(DATA BELOW)

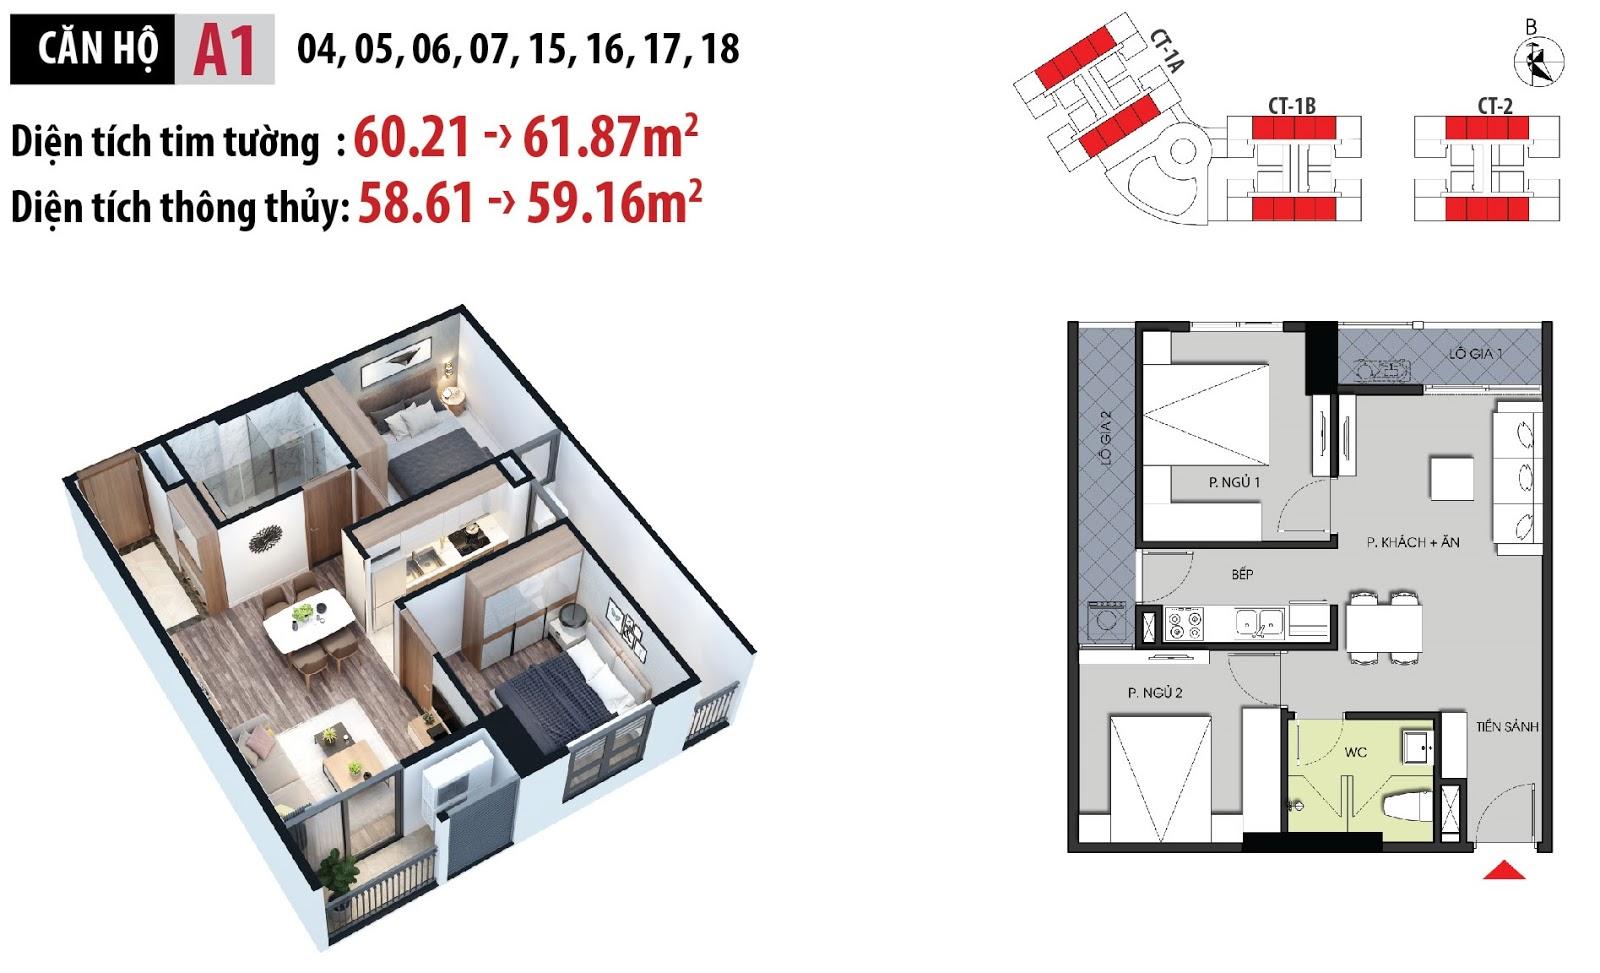 Mặt bằng chi tiết căn hộ 15 - 16 - 17 - 18 dự án Hateco Apollo Xuân Phương
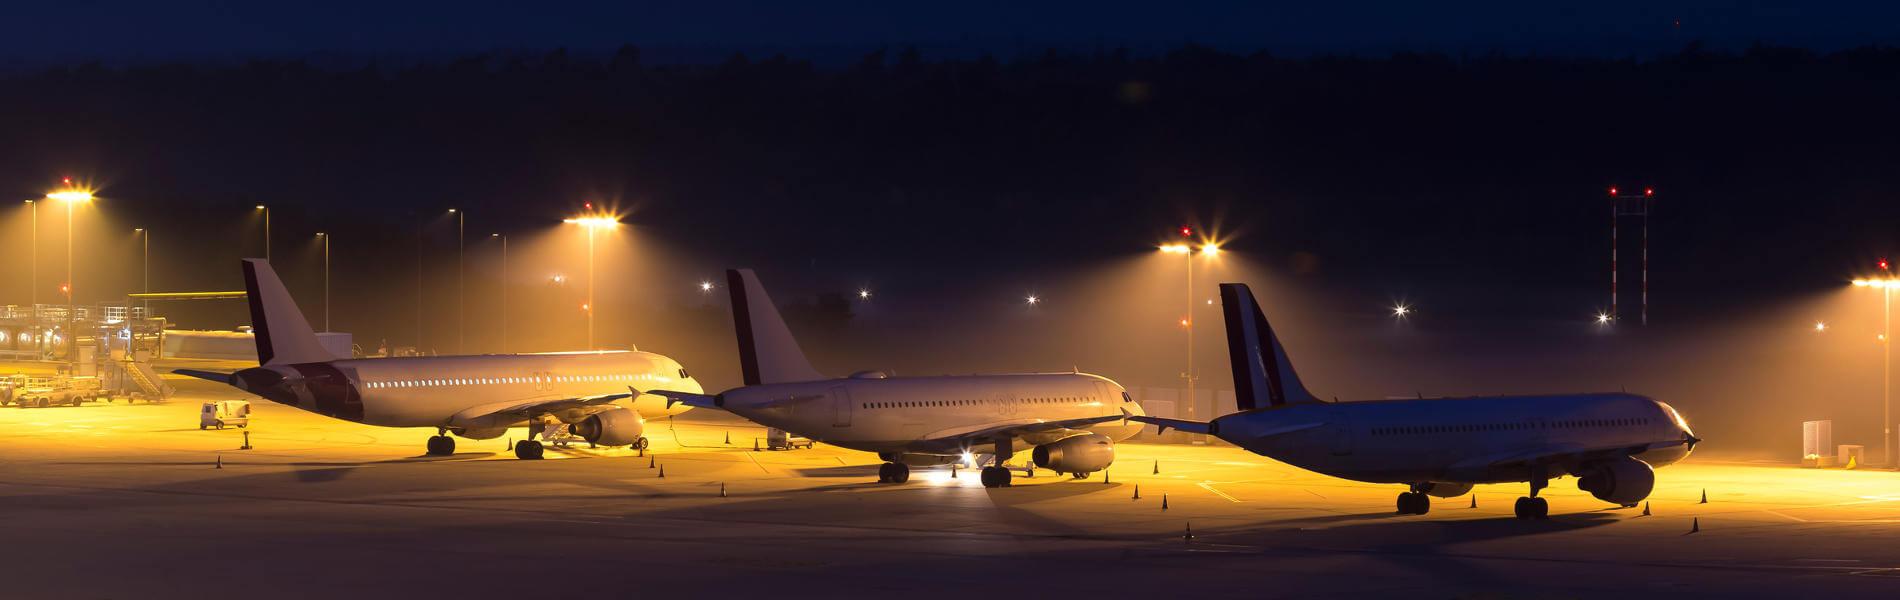 Logistik bei Nacht: Fortsetzung des Tages mit künstlicher Beleuchtung
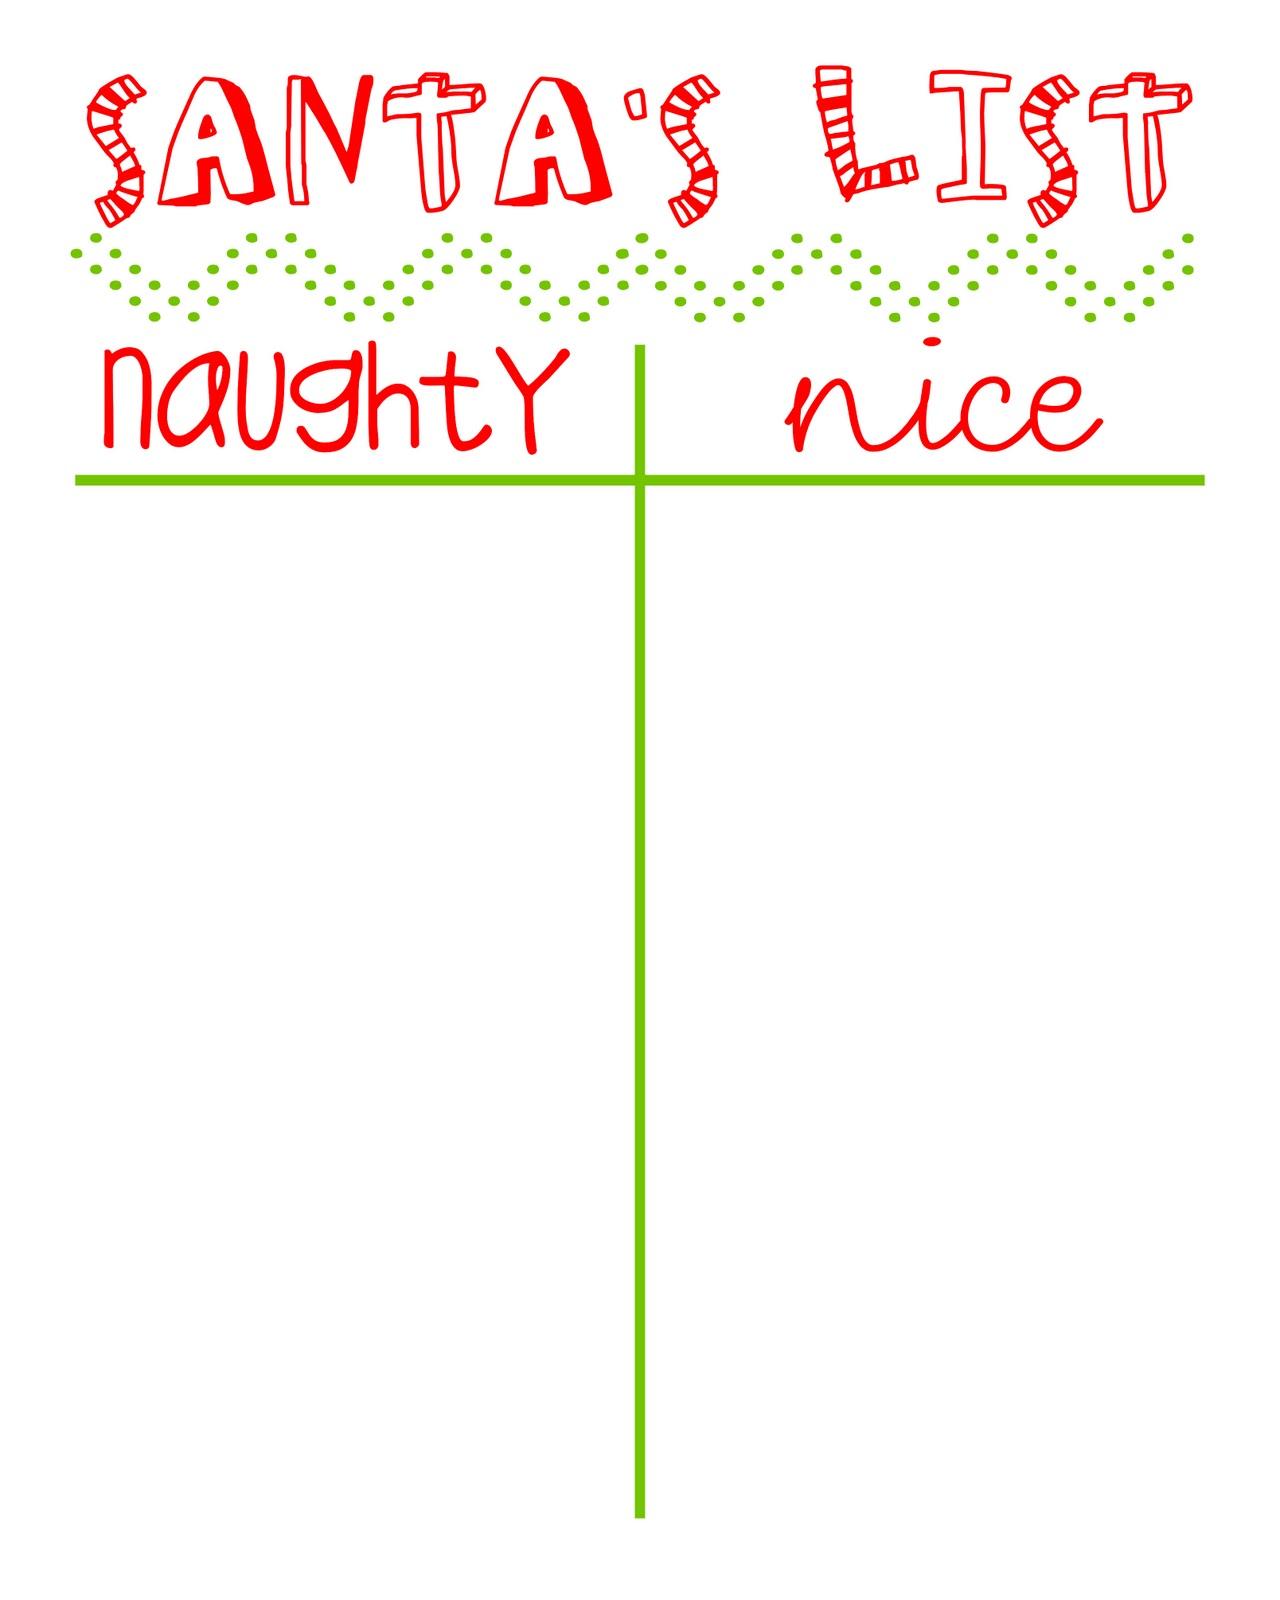 Santas Good And Bad List For Kids

(End DATA BELOW)

REQUIRED WORK
Everything in the listing except the pictures must come back exactly as written.

SOLUTION
 Mặt bằng chi tiết căn hộ 15 - 16 - 17 - 18 dự án Hateco Apollo Xuân Phương
 Logistik bei Nacht: Fortsetzung des Tages mit künstlicher Beleuchtung
 Santas Good And Bad List For Kids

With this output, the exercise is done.